(Data section)

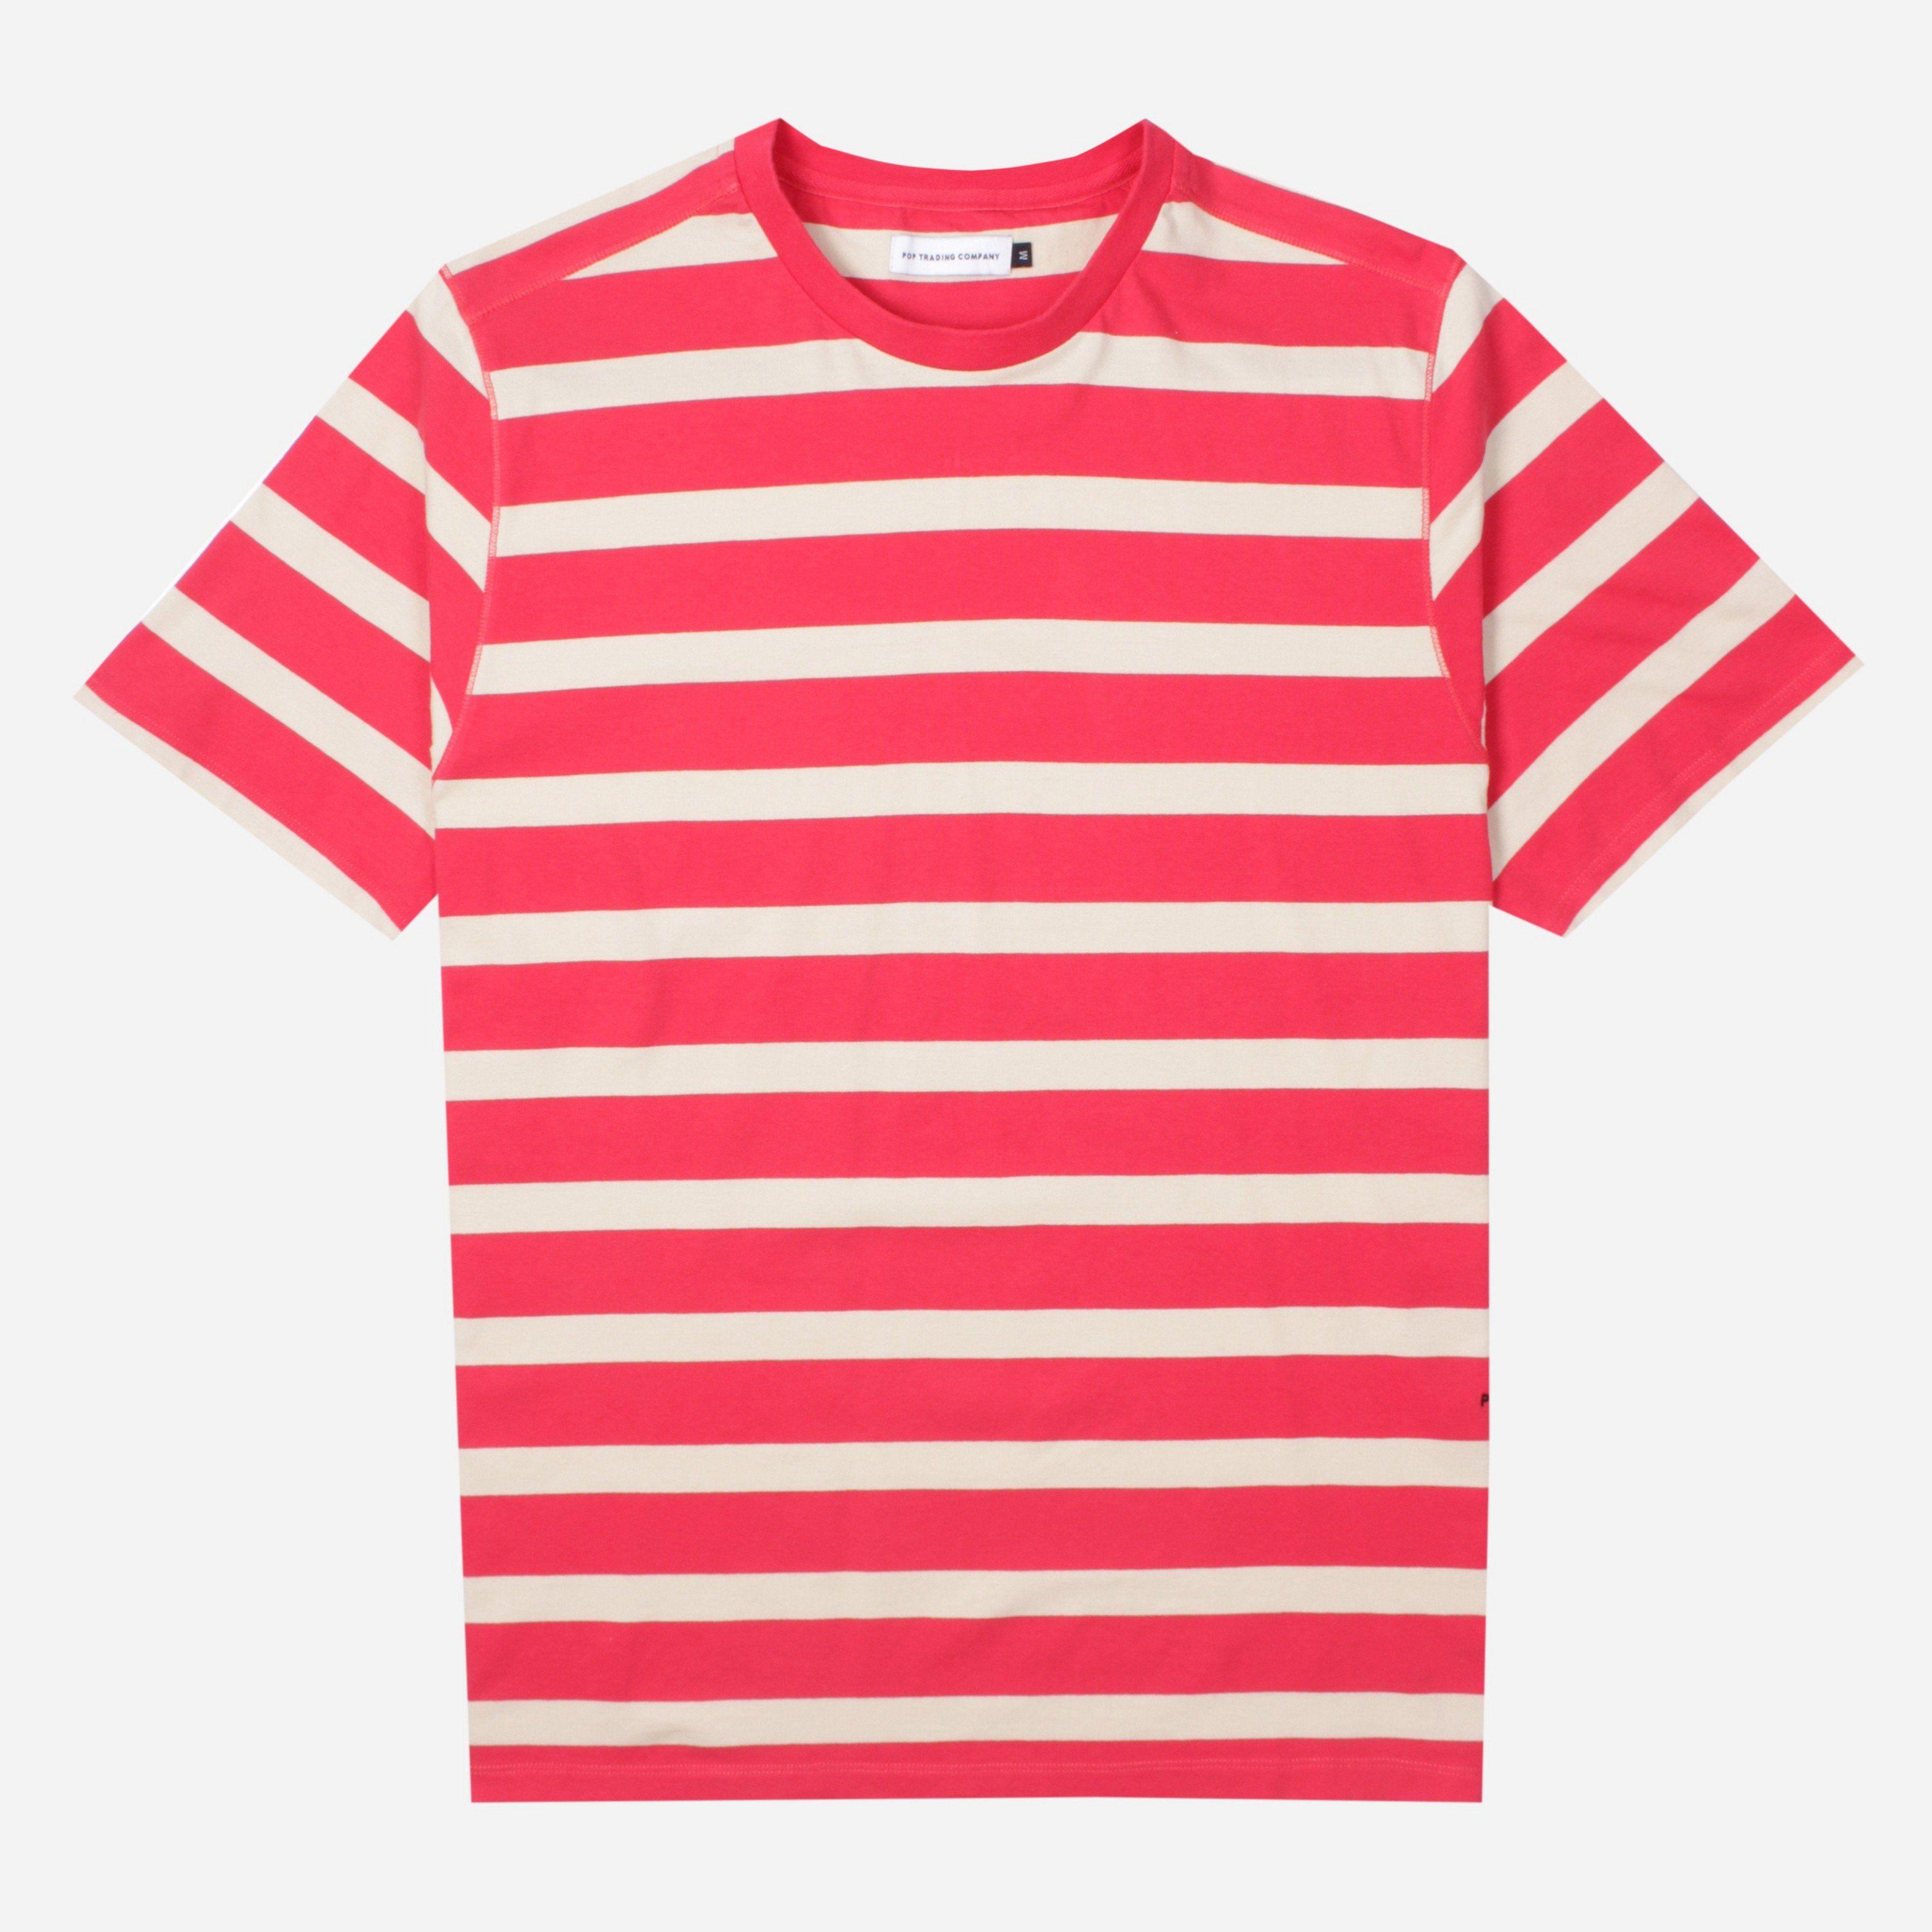 Pop Trading Company Big Stripe T-Shirt
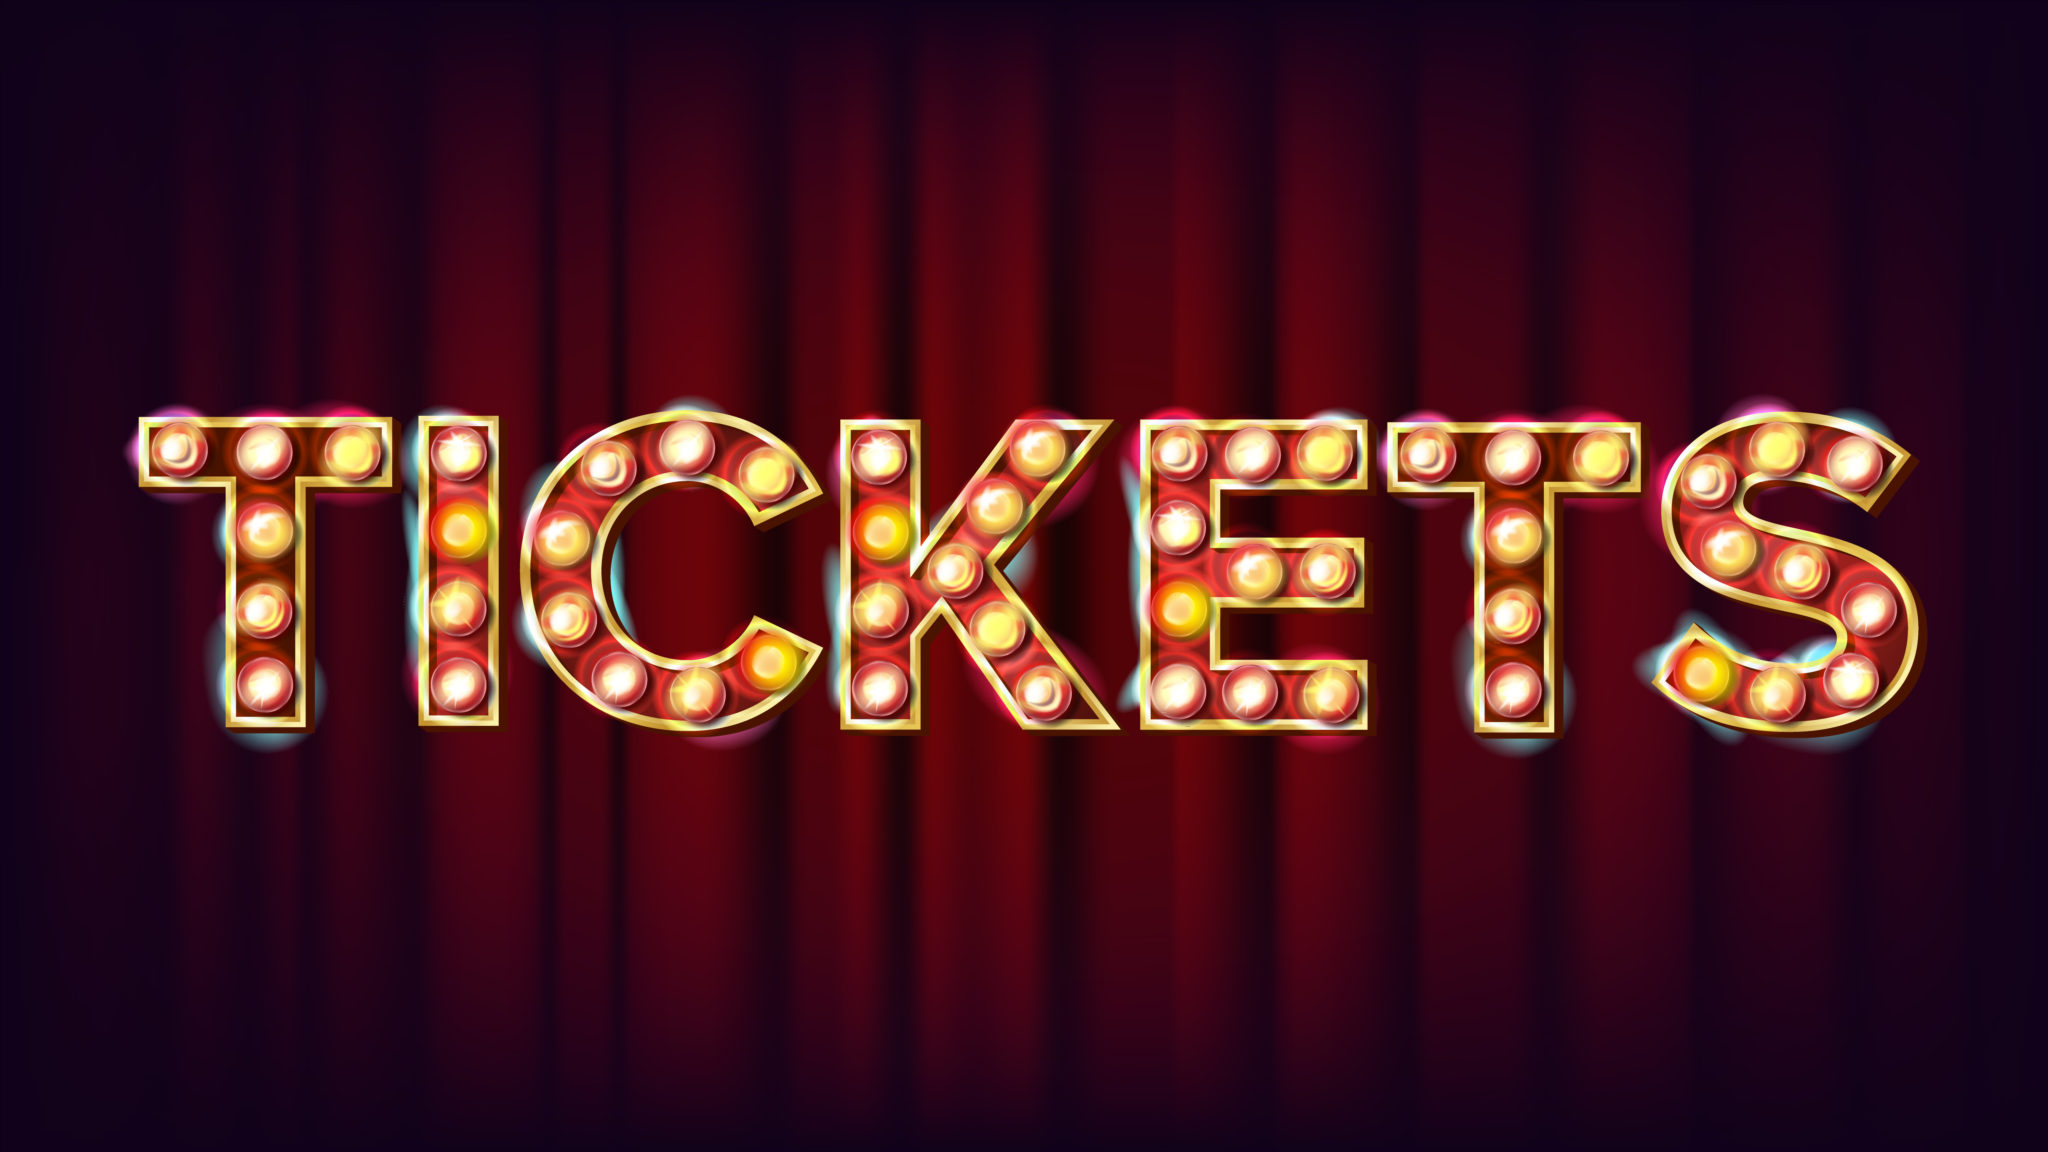 Tickets Banner Sign Vector. For Arts Festival Events Design. Circus Vintage Golden Illuminated Neon Light. Illustration
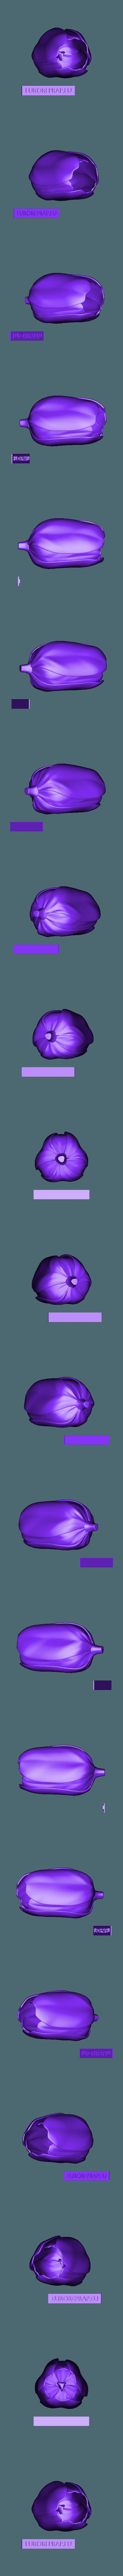 euroreprap_flower-tulip_b.stl Download STL file flowers: Tulip - 3D printable model • 3D printable design, euroreprap_eu

(End Data section)

* _Exercise brief_
When you write out the material above, keep every line exact and drop each picture.

* _Solution to this exercise_
 Pop Trading Company Big Stripe T-Shirt
 Tickets Banner Sign Vector. For Arts Festival Events Design. Circus Vintage Golden Illuminated Neon Light. Illustration
 euroreprap_flower-tulip_b.stl Download STL file flowers: Tulip - 3D printable model • 3D printable design, euroreprap_eu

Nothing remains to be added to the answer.